What to do:
After finding the line containing "Mens boxer briefs" below, please output that line and each following one through the line containing "The Localizing Ground-Penetrating", exactly as written.

Data:
*****

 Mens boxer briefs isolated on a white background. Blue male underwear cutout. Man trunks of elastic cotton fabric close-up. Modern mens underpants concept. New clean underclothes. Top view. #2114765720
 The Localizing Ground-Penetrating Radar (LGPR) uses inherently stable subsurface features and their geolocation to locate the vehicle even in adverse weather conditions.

*****

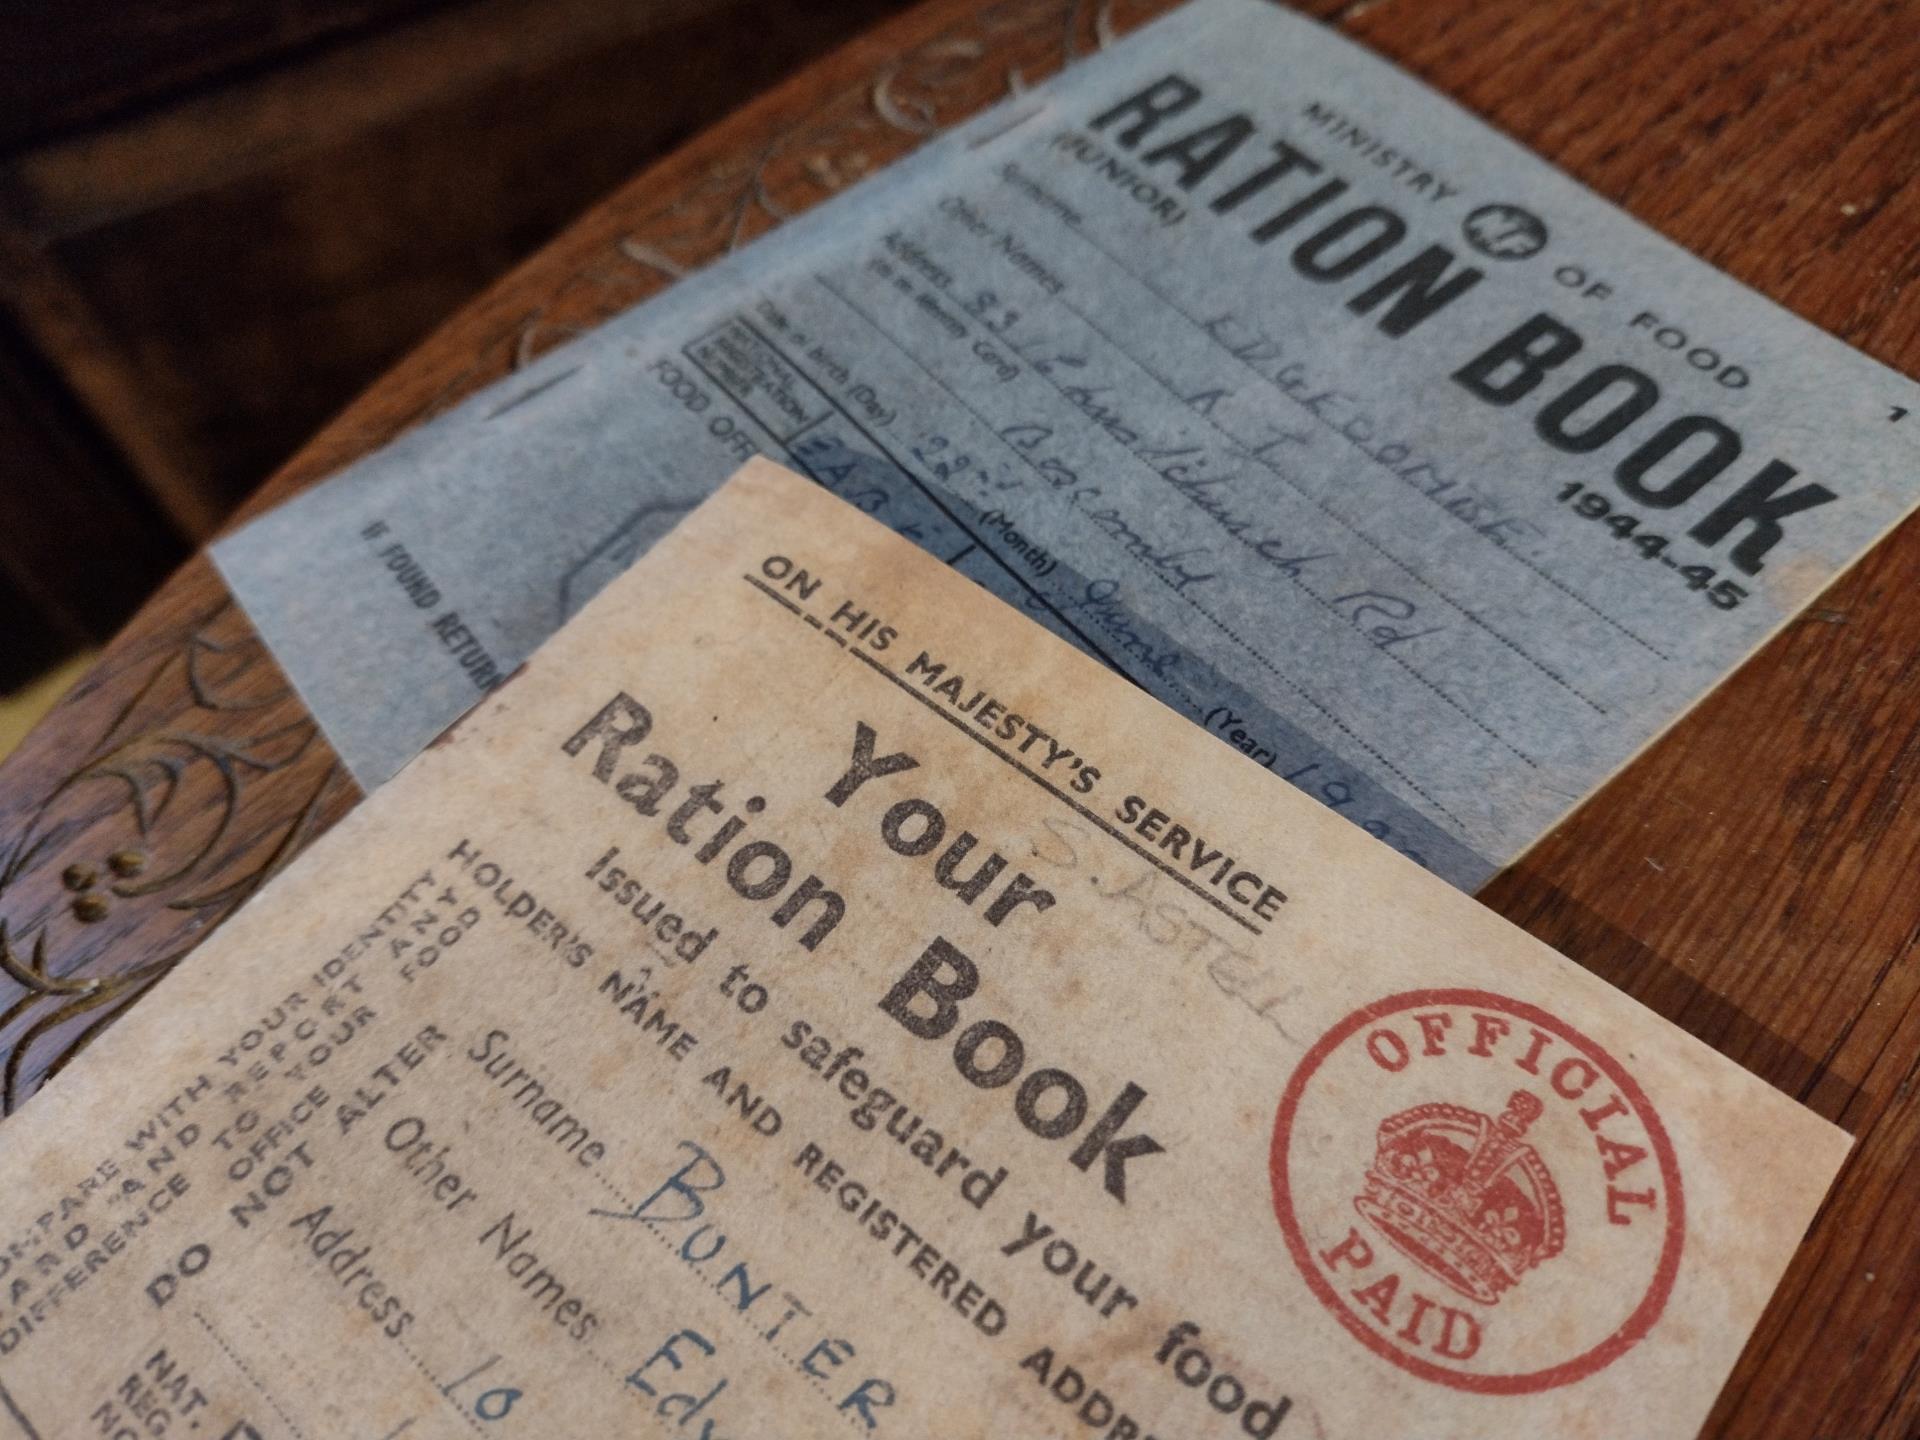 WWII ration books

*****

Exercise answer:
 Mens boxer briefs isolated on a white background. Blue male underwear cutout. Man trunks of elastic cotton fabric close-up. Modern mens underpants concept. New clean underclothes. Top view. #2114765720
 The Localizing Ground-Penetrating Radar (LGPR) uses inherently stable subsurface features and their geolocation to locate the vehicle even in adverse weather conditions.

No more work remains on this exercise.